# Best all around hand gun for hunting



## bamaboy812003 (Jul 10, 2009)

This question a tricky one i guess. I'm looking for the one hand gun which can take everything from a whitetail to a moose. I was thinking .454 casual or the .460 S&W. Now everybody set me straight, I'm trying to get into hand gun hunting for the new challege. But want to buy one gun that can do it all. Thanks everybody.


----------



## tv_racin_fan (Jul 10, 2009)

The one handgun that can do it all would be the TC Encore. You could stick a 22 barrel on it and shoot squirrel and then change to the 308 and shoot pretty much anything else.


----------



## hawgrider1200 (Jul 10, 2009)

U might b well served to purchase an encore action with different barrels for the different animals u want to hunt. U can get barrels chambered in calibers usually thought of only for rifles. I'm thinking those calibers would b much better for moose than even ur largest handgun calibers. Ur larger handgun calibers are probably not as flat shooting as a rifle caliber.


----------



## HandgunHTR (Jul 10, 2009)

I am going to go partially with what tv and hawgrider said.  I say partially, because I agree that a T/C switchbarrel will fit your bill, but I am going to say Contender over Encore.

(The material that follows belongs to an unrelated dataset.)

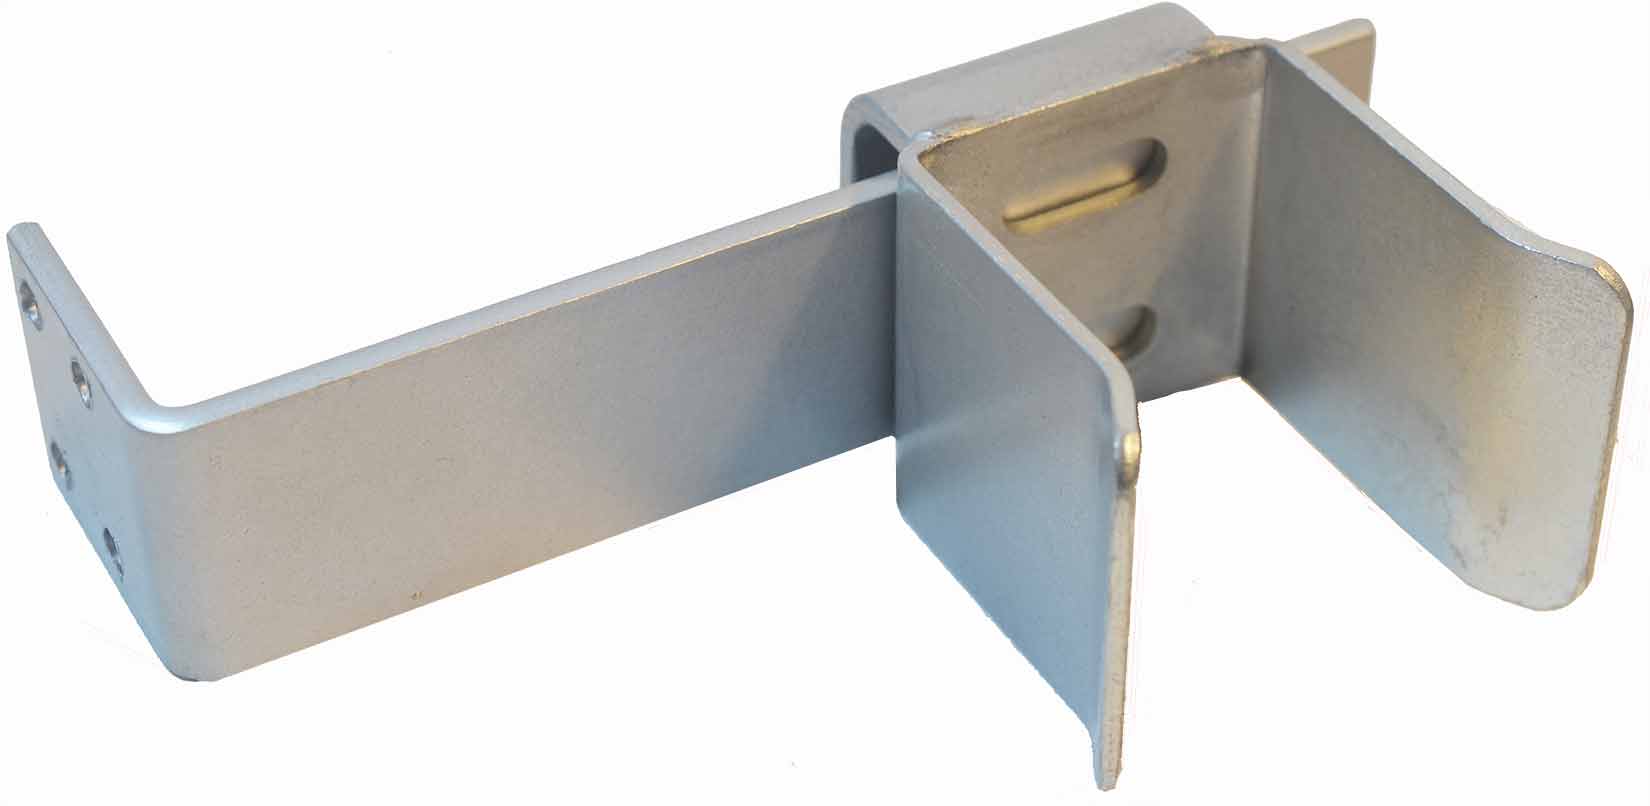 Gate Reciever holder adjustable front view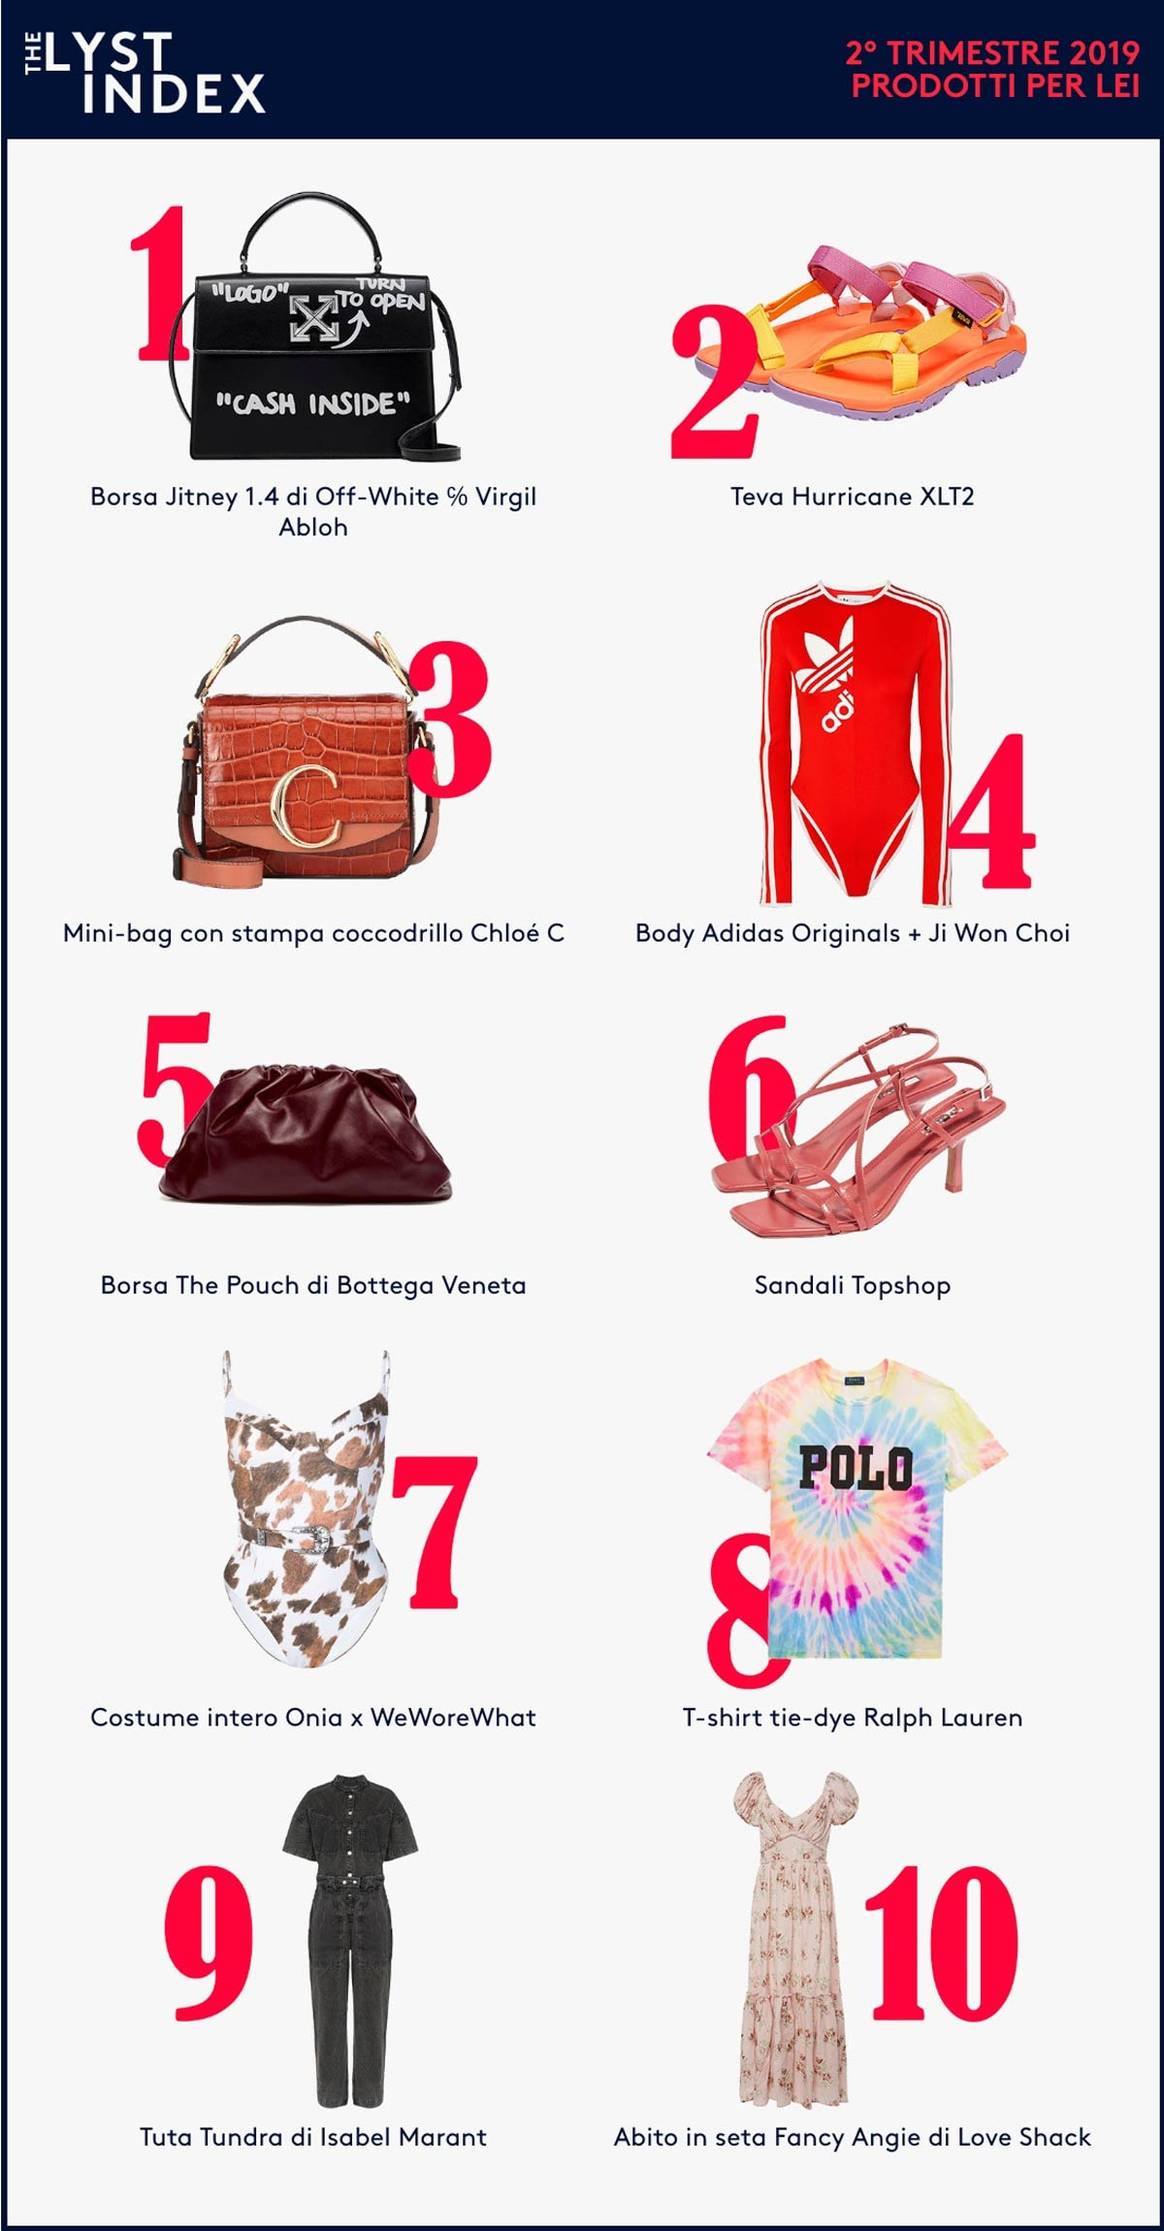 Gucci named "hottest brand" of 2019 Q2

Here is my reasoning.  Shooting "rifle" rounds out of a pistol length barrel does nothing except increase the noise, recoil and muzzle blast.  Most rounds in the .308 Winchester family of cartridges for example need a barrel from 18 to 20 inches to get a full burn of powder.  So, in a 15" Encore barrel, you are not getting a full burn and therefore not get "rifle performance" from a pistol.

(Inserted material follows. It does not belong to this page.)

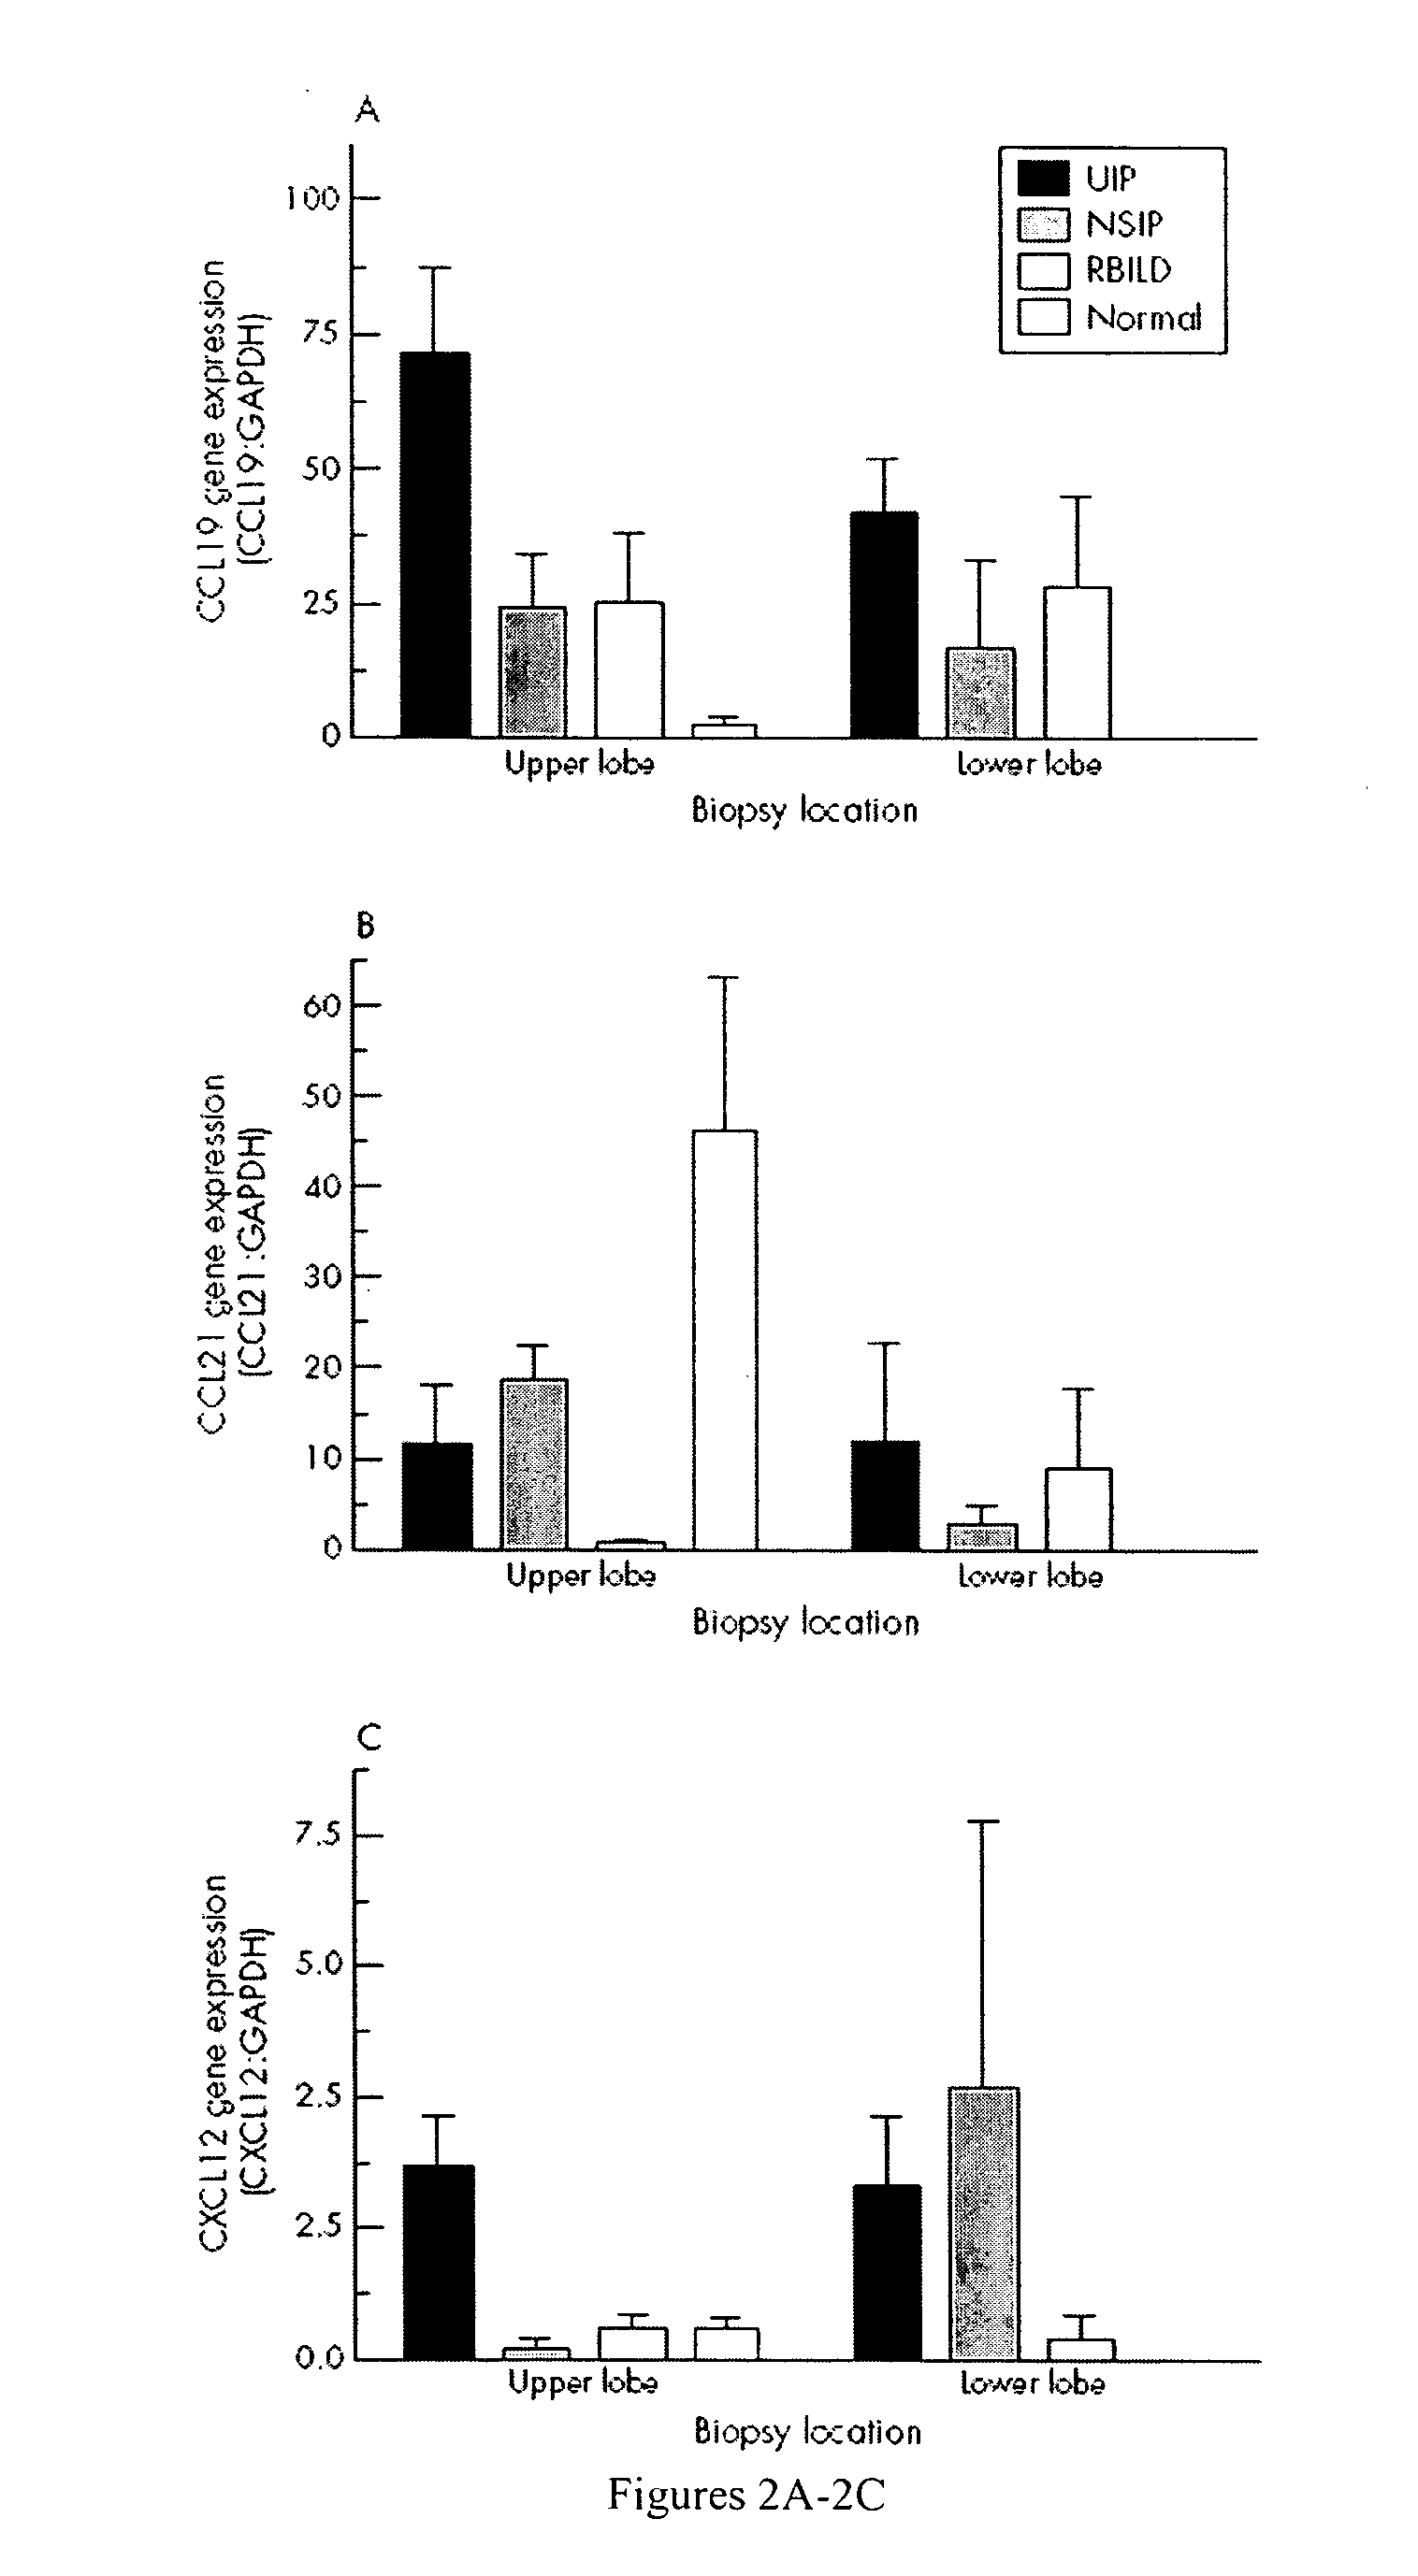 Materials and methods for treating chronic fibrotic diseases

Most of the Contender cartridges are "wildcats" that were developed for use in a short barrel.  What that means is that you can get the same performance with less powder, recoil and muzzle blast.  Don't believe me?  My 10.5" 7mmTCU (.223 necked up to 7mm) spits out a 120 grain Ballistic Tip bullet at around 1800 fps with a mild load of AA2460 (28.0 grains).  I also have a 12" 7-30 Waters barrel.  It spits out the same 120 grain bullet at around 1850 fps.  It also takes more powder to get it there (32.6 grains of IMR 3031).  So for roughly the same amount of energy the 7mmTCU is more efficient in the shorter barrels.
Now lets compare that to the 7mm-08.   A friend of mine has a RamPro chambered in 7mm08 and he gets about 2300 fps out of his 15 inch barrel.  If you figure about 40 fps per inch you can figure about 200 fps of the difference is made up by the difference in barrel lengths.  So, you really only gain about 300 fps worth of "performance" for that extra recoil and muzzle blast.  Is 300 fps worth it when you figure most of your shots are going to be within 200 yards anyway?  In my opinion, no.

All that being said, get something that you like and practice with it all the time.  Handgun hunting is nothing like rifle hunting.  It takes a lot of practice and a lot of patience to do it effectively.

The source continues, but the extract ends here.